Collected material =>
◇ ◇ ◇

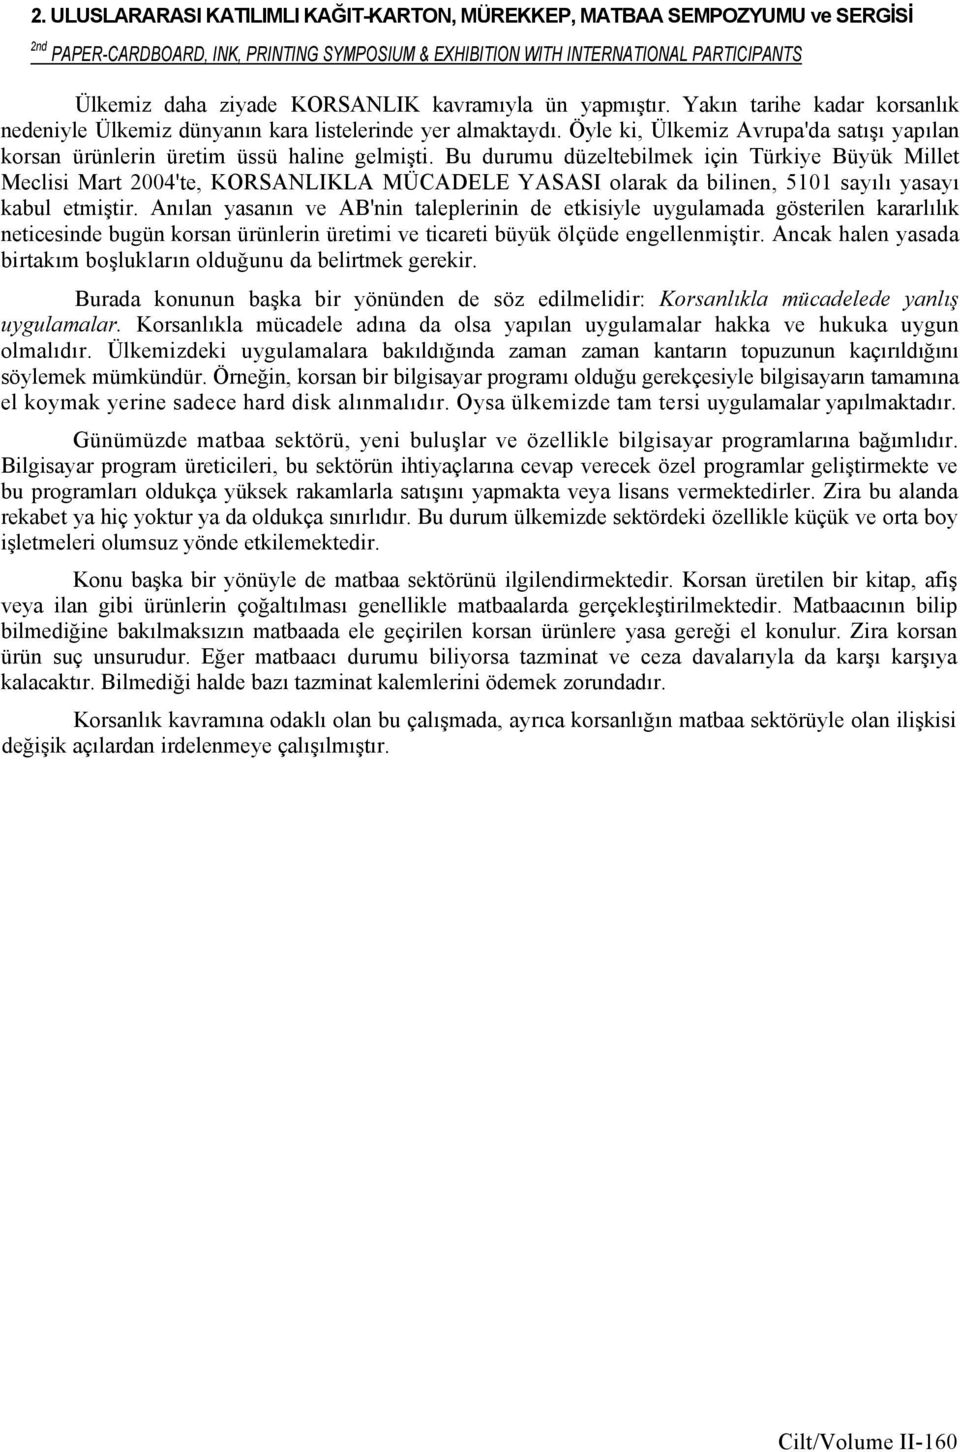 Bu durumu düzeltebilmek için Türkiye Büyük Millet Meclisi Mart 2004'te, KORSANLIKLA MÜCADELE YASASI olarak da bilinen, 5101 sayılı yasayı kabul etmiştir.
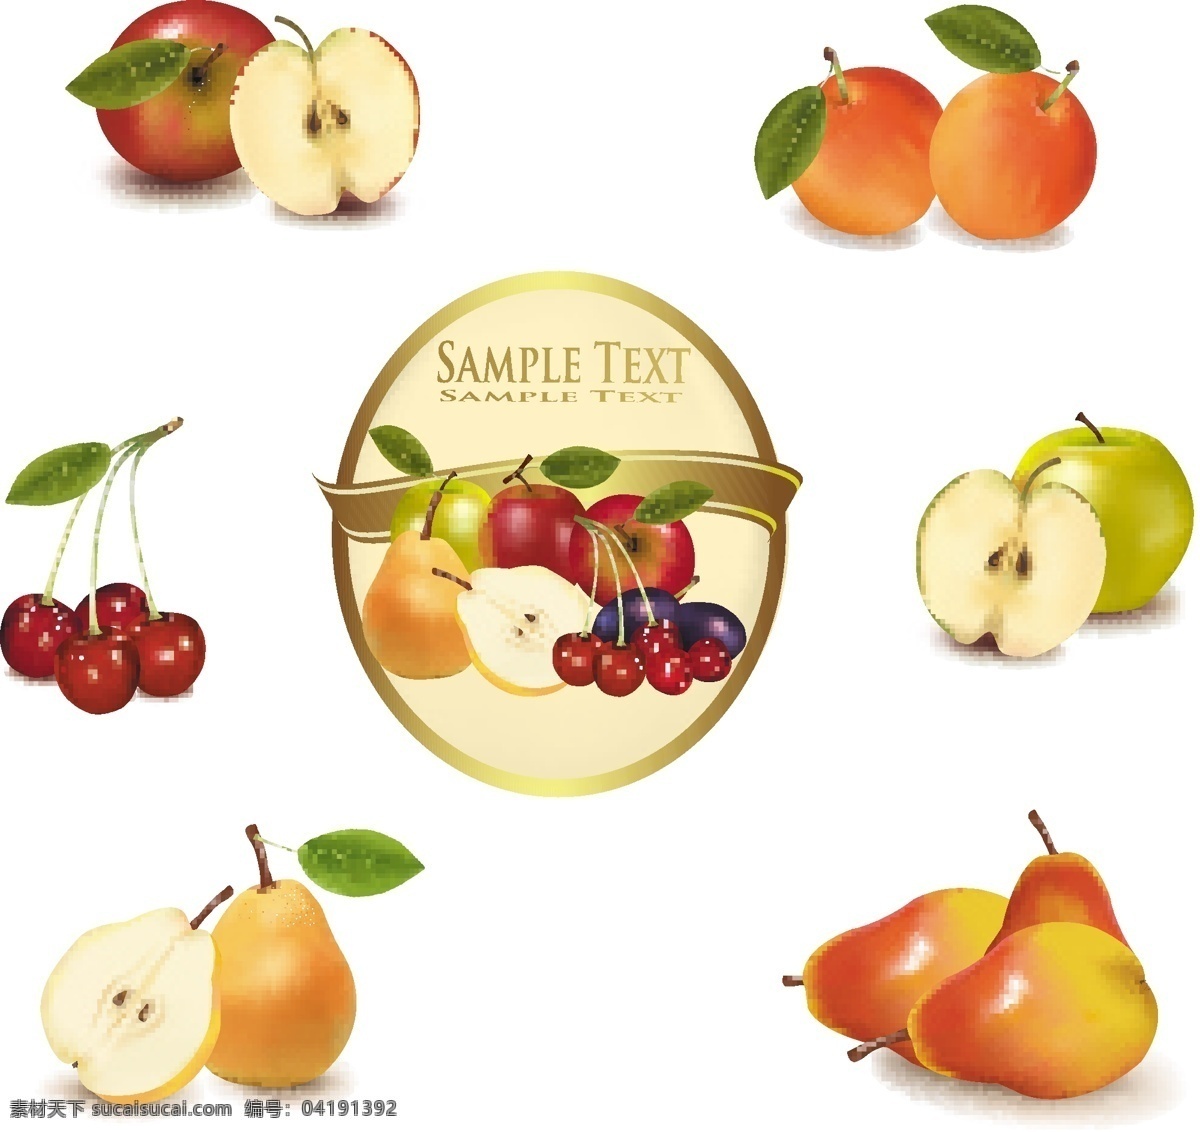 水果设计素材 苹果 梨 樱桃 水果 水果设计 水果素材 矢量水果 水果图标 新鲜水果 矢量素材 餐饮美食 生活百科 白色
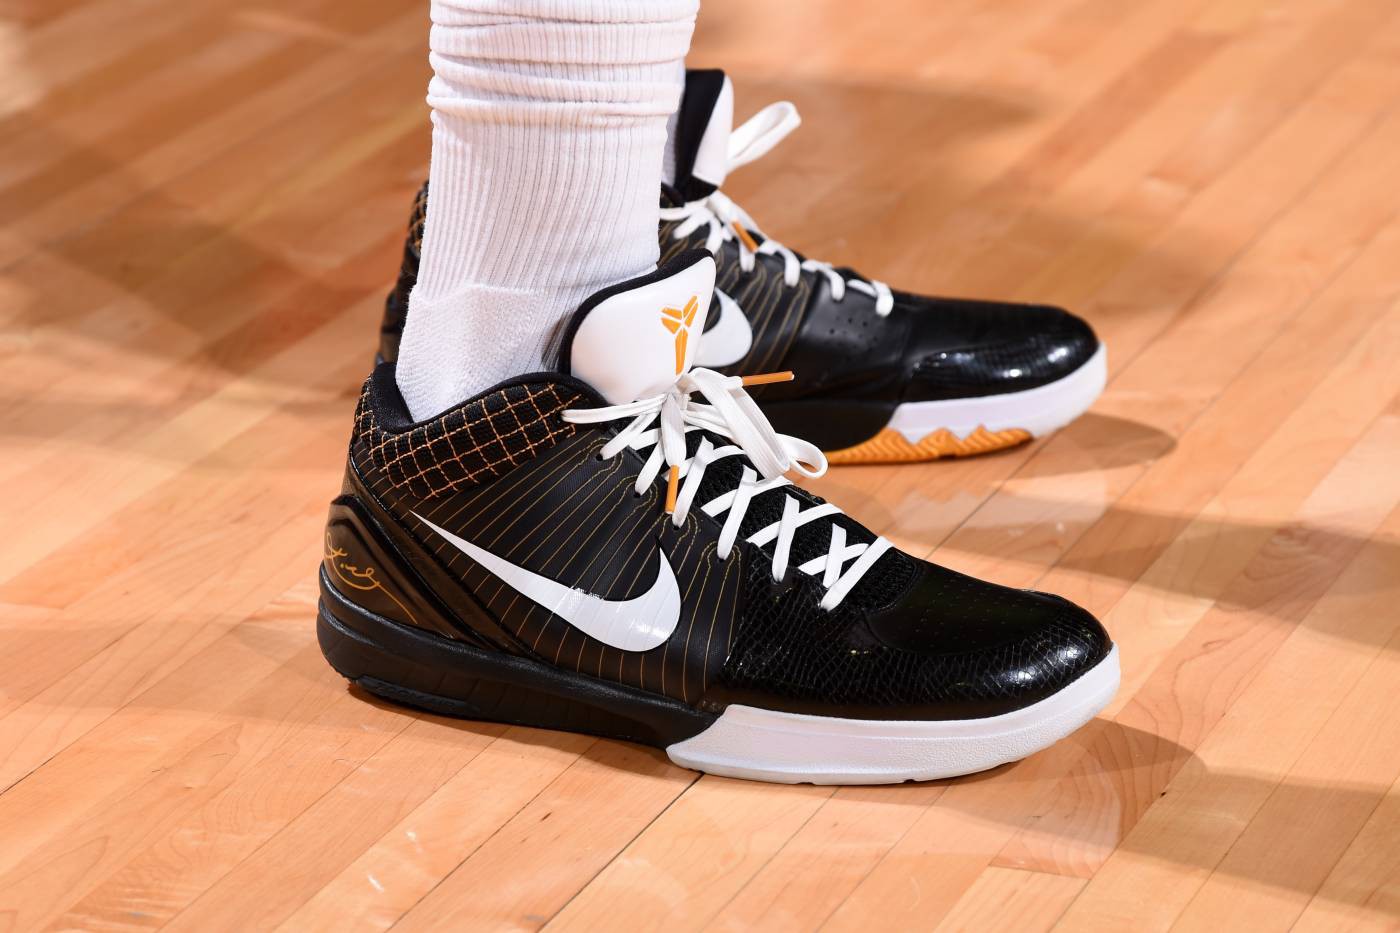 Chi tiết và đầy đủ các mẫu giày khủng của Thánh giày P.J. Tucker đã mang tại NBA Playoffs 2018 - Ảnh 26.

◇ ◇ ◇

Work task => Retype the data shown above exactly, excluding any picture it contains.

Task result =>
 Bu durumu düzeltebilmek için Türkiye Büyük Millet Meclisi Mart 2004'te, KORSANLIKLA MÜCADELE YASASI olarak da bilinen, 5101 sayılı yasayı kabul etmiştir.
 水果设计素材 苹果 梨 樱桃 水果 水果设计 水果素材 矢量水果 水果图标 新鲜水果 矢量素材 餐饮美食 生活百科 白色
 Chi tiết và đầy đủ các mẫu giày khủng của Thánh giày P.J. Tucker đã mang tại NBA Playoffs 2018 - Ảnh 26.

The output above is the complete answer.